La Luna es ya tan conocida como si el hombre hubiera permanecido en ella durante mucho tiempo. Existen mapas geográficos de aquel planeta; conocemos sus mares y sus continentes; hemos medido la altura de sus montañas y les hemos dado nombres; hemos fotografiado su aspecto, y, por analogía, hemos adivinado su composición química.
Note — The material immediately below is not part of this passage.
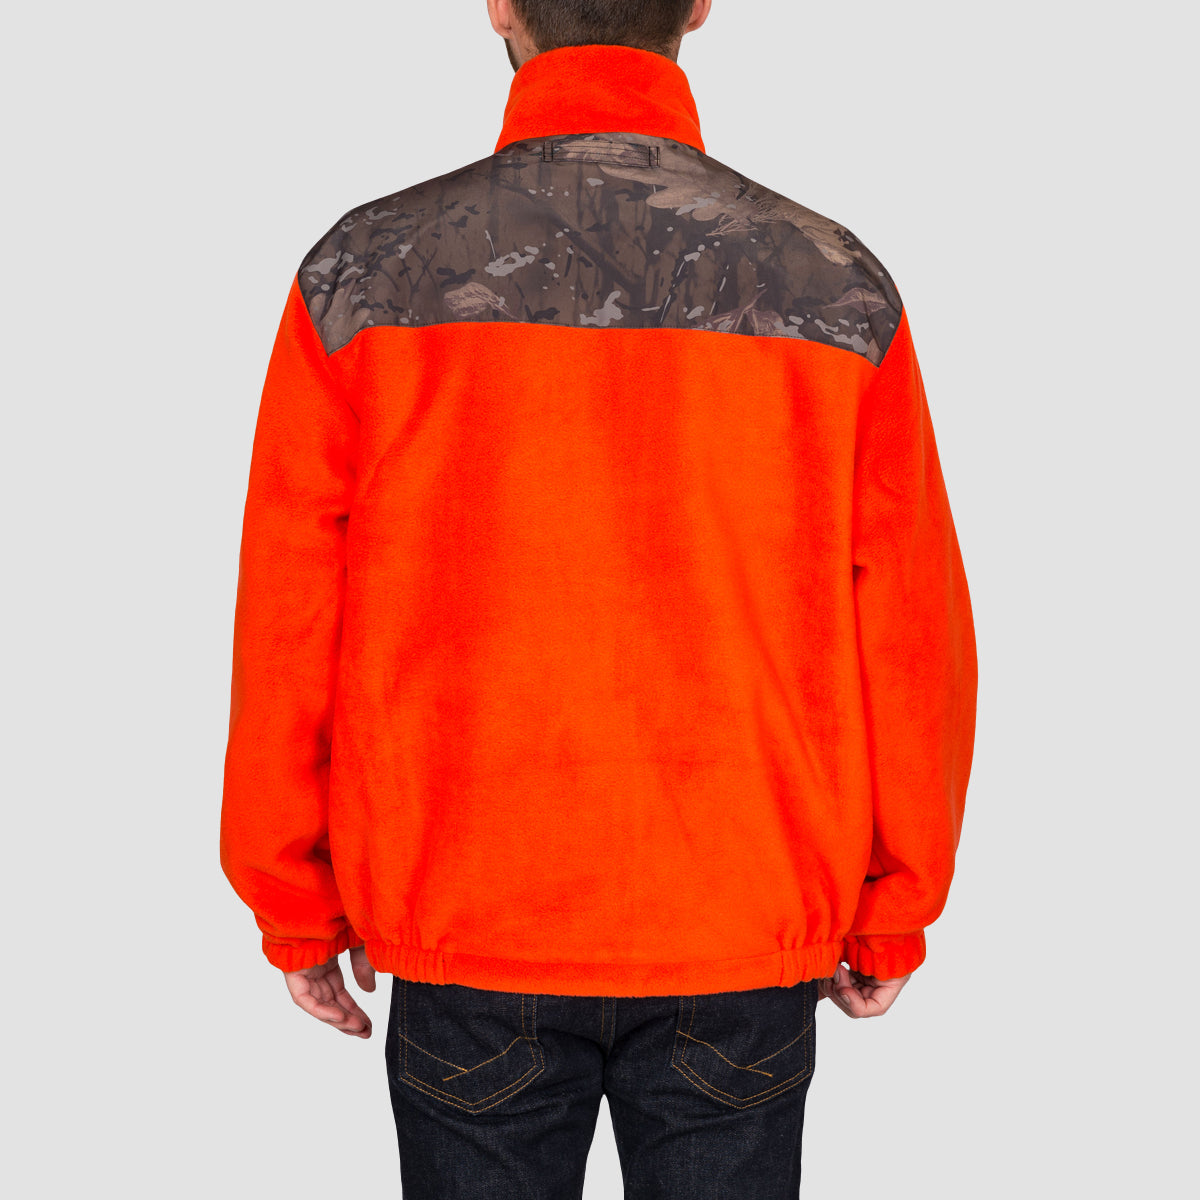 Carhartt WIP Denby Reversible Jacket Camo Combi/Safety Orange

En fin, no queda más que tomar posesión de aquel mundo, descrito con más minuciosidad que el África y la Australia centrales, la Nueva Guinea y las regiones polares del globo terrestre.

—¡Entonces, vámonos allí en seguida! —exclamó Peter Gryphins entusiasmado—. Pido que se me dé ahora mismo un billete para el viaje.

—Ese billete costará algo caro —respondió Costerus Wagner con tono significativo—. Y por eso nos dirigiremos, amigos míos, si os parece bien, al que tiene más dinero en su caja que los mismos Rothschild: al Señor Todo el Mundo.

—¡Costerus, dejad que os abracemos! —dijeron Peter e Ignaz apretándole contra su pecho—. Si vuestro proyecto es tan claro como vuestras explicaciones, tenemos hecha nuestra fortuna; y ya no por millares, sino por millones, las libras esterlinas entrarán en nuestra caja.

—Pues bien, en ese caso, redactemos en seguida el prospecto —replicó Costerus—, y que desde mañana aparezca en todos los periódicos.

REDACTEMOS EN SEGUIDA EL PROSPECTO.

Dicho y hecho; se sentó en su pupitre, y tomando un pliego de papel, lo encabezó de la manera siguiente:

«SELENE-COMPANY limited. Sociedad en comandita para la conquista de la Luna. Capital social: dos millones de libras esterlinas.»